I'm using R, and would appreciate if someone can give me a direction on how to start.

Edit- Example of the data:

Company name	Jan sales	Jan expenses	Jan revenue
Company A	1000	500	500
Company B	2000	500	1500
Company C	3000	400	2600
Company D	4000	100	3900

I want to group all this companies under a single row by the name Company A.
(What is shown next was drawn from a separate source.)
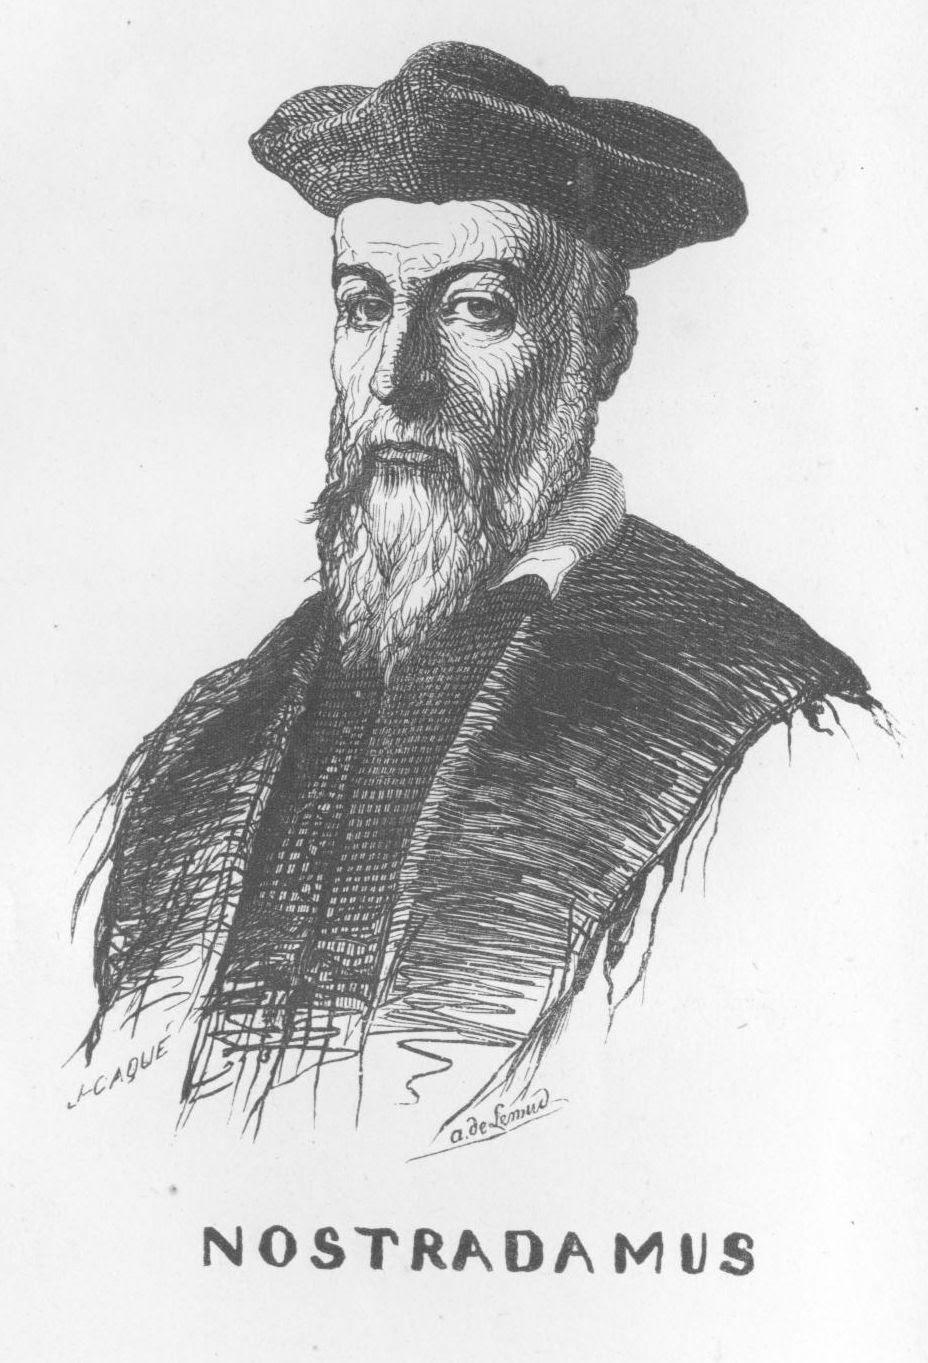 nostradamus by lemud Nostradamus

I want it to look like this:

Company name	Jan sales	Jan expenses	Jan revenue
Company A	10000	1500	8500

It would be easier to help if you create a small reproducible example along with expected output. Read about [how to give a reproducible example](http://stackoverflow.com/questions/5963269). Also have you tried https://stackoverflow.com/questions/1660124/how-to-sum-a-variable-by-group ? — Ronak Shah, Mar 25 '21 at 10:06
Does this answer your question? [How to sum a variable by group](https://stackoverflow.com/questions/1660124/how-to-sum-a-variable-by-group) — Marcelo Avila, Mar 25 '21 at 14:06

evian_bottle · Answer 1 · 2021-03-31T08:44:38.823

0

So first of all you have to read your csv-file by using something like:

mycompany <- read.csv("C:/your path here/my_file.csv", sep=";")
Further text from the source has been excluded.